3. Dynamic Model Rectification Framework: Surfacing Bottlenecks Layer-by-Layer (Algorithm 1)

Editing a single layer is often insufficient. After modifying one layer, the model's overall state changes, and layers previously ranked second or third may become the new primary bottlenecks. Consequently, instead of a one-time operation, localization and editing are placed in a while loop. Each round checks if the prediction gap \(\delta^* = f(x) - f(\tilde{x})\) exceeds target \(\delta\) and if cumulative performance degradation \(\epsilon^*\) is within budget. If so, Design 2 re-locates the suspect layer, performs \(T\) epochs of rank-one editing, and evaluates the result. If degradation is acceptable, the edit is kept for the next round; otherwise, it is rolled back. This allows the multi-layer repair path to be "gradually explored" rather than pre-specified. The dynamic version is more stable across all scenarios than the static version (CIFAR-10 Backdoor, \(n=1\): ASR 2.57→1.34, OA 92.93→93.65).

Loss & Training

The individual rank-one edit targeting a constrained least-squares problem: \(\min_\Lambda \|v^* - f_l(k^*; W')\|\) under the constraint \(W' = W + \Lambda(C^{-1}k^*)^T\). Here \(k^*\) is the feature key of the corrupted sample in that layer, \(v^*\) is the desired clean output value, and \(C = KK^T\) is the second-moment statistic of the training keys. The update is an outer product of two vectors, making it strictly rank-one with a closed-form solution, which is the source of its data efficiency and low overhead. In the dynamic framework, after \(T\) epochs per round, the performance degradation \(\zeta\) is measured to decide whether to retain or rollback the update.

Key Experimental Results

Main Results

Table 1: Backdoor Attack Repair (CIFAR-10 & ImageNet)
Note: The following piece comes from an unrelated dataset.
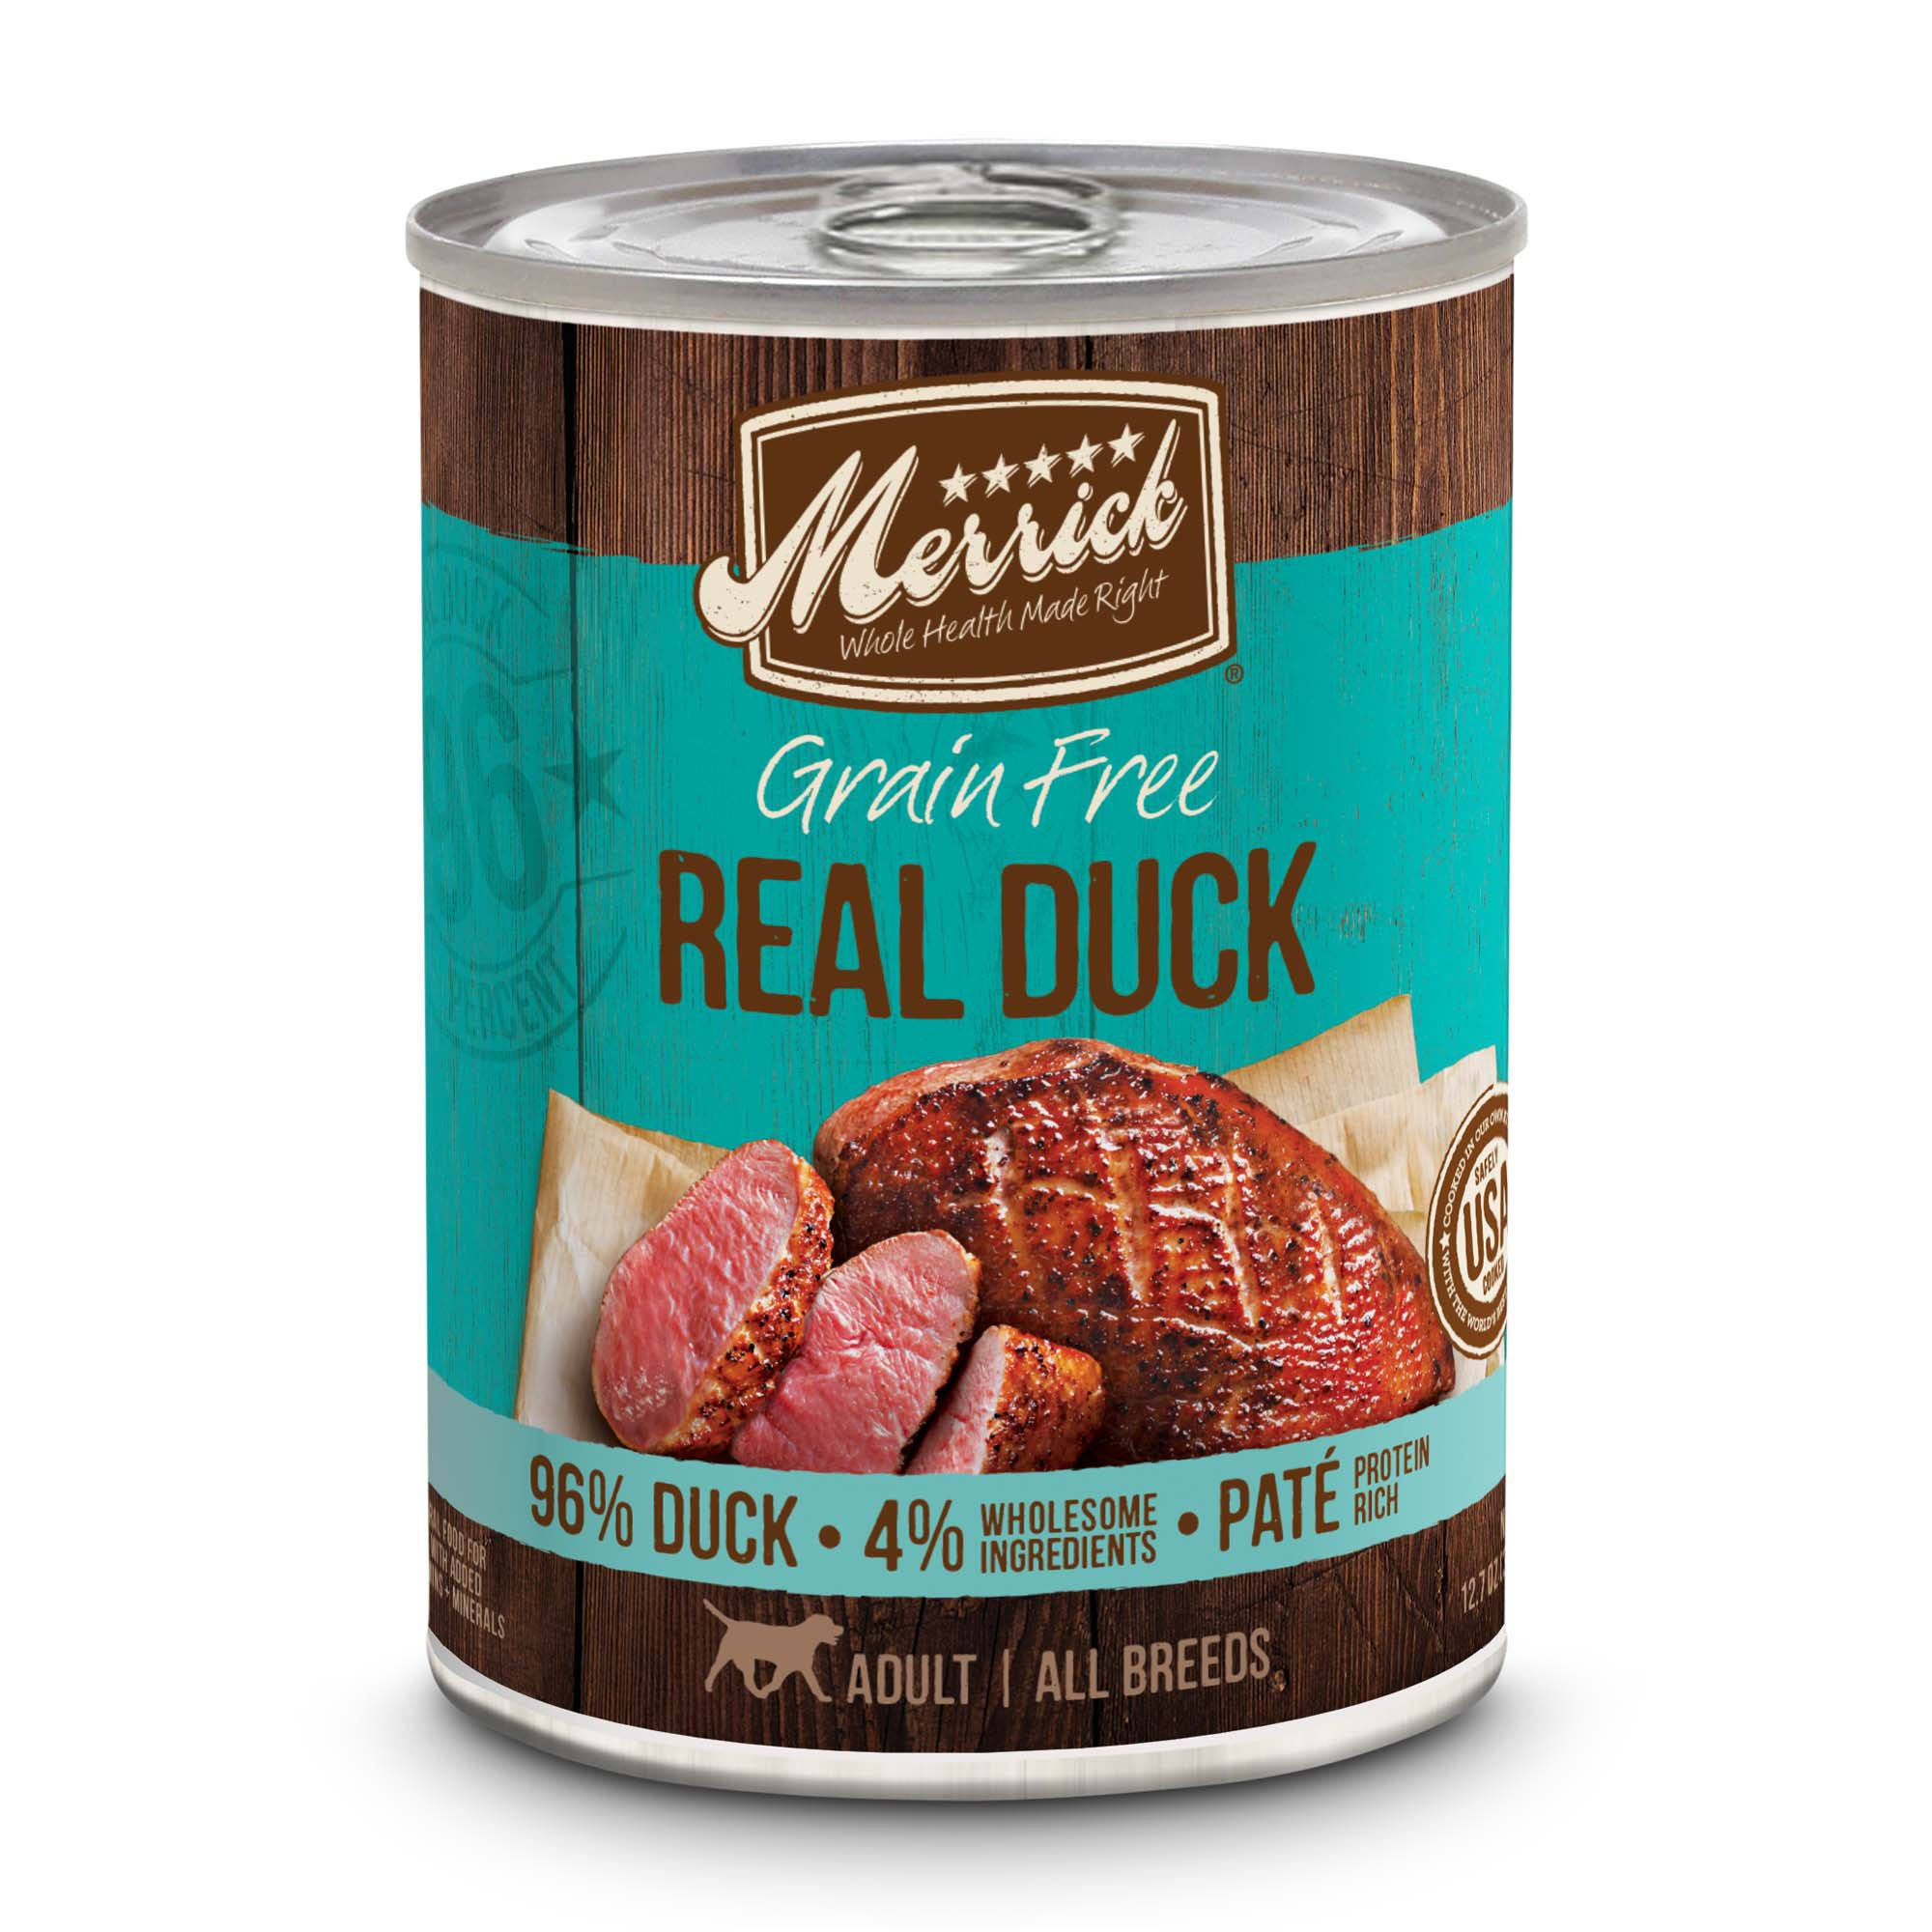 Merrick Grain-Free Real Duck Canned Dog Food, 12.7-oz, Case of 12

Method # Samples CIFAR-10 OA↑ CIFAR-10 ASR↓ ImageNet OA↑ ImageNet ASR↓
Trojaned model - 93.67 99.94 69.05 87.24
Fine-tune 1 90.83 73.07 65.95 79.91
Fine-tune 20 91.58 13.22 68.42 21.86
P-ClArC 20 89.97 6.21 65.42 8.09
A-ClArC 20 92.53 6.32 67.17 8.73
Stat. rectifying 1 92.93 2.57 67.87 3.01
Dyn. rectifying 1 93.65 1.34 66.77 1.61
Dyn. rectifying 20 93.61 0.26 68.84 0.12

Table 4: Spurious Correlation Mitigation (CIFAR-10 & ImageNet, Spurious column represents relative bias to Clean ↓)

Method # Samples CIFAR-10 Overall↑ Clean↑ Spurious Bias↓ ImageNet Overall↑ Clean↑ Spurious Bias↓
Benign model - 94.00 94.42 +5.58 69.04 81.25 +10.41
A-ClArC 20 92.41 76.77 +2.57 67.01 75.66 +6.59
P-ClArC 20 88.29 16.89 +0.23 66.84 8.32 +2.59
Dyn. rectifying 1 92.93 94.29 +1.86 67.50 81.66 +4.17
Dyn. rectifying 20 93.99 94.30 +0.12 68.94 81.25 +2.08

Table 5: Feature Leakage Mitigation (BlockMNIST)

Method # Samples Accuracy↑ Feature Leakage↓
Benign model - 99.17 3.597
IG-SUM Reg - 94.14 3.417
Fine-tune 20 98.67 2.929
Stat. rectifying 1 98.97 2.655
Dyn. rectifying 1 99.03 2.417

Ablation Study

Static vs Dynamic Rectification (CIFAR-10 Backdoor, \(n=1\))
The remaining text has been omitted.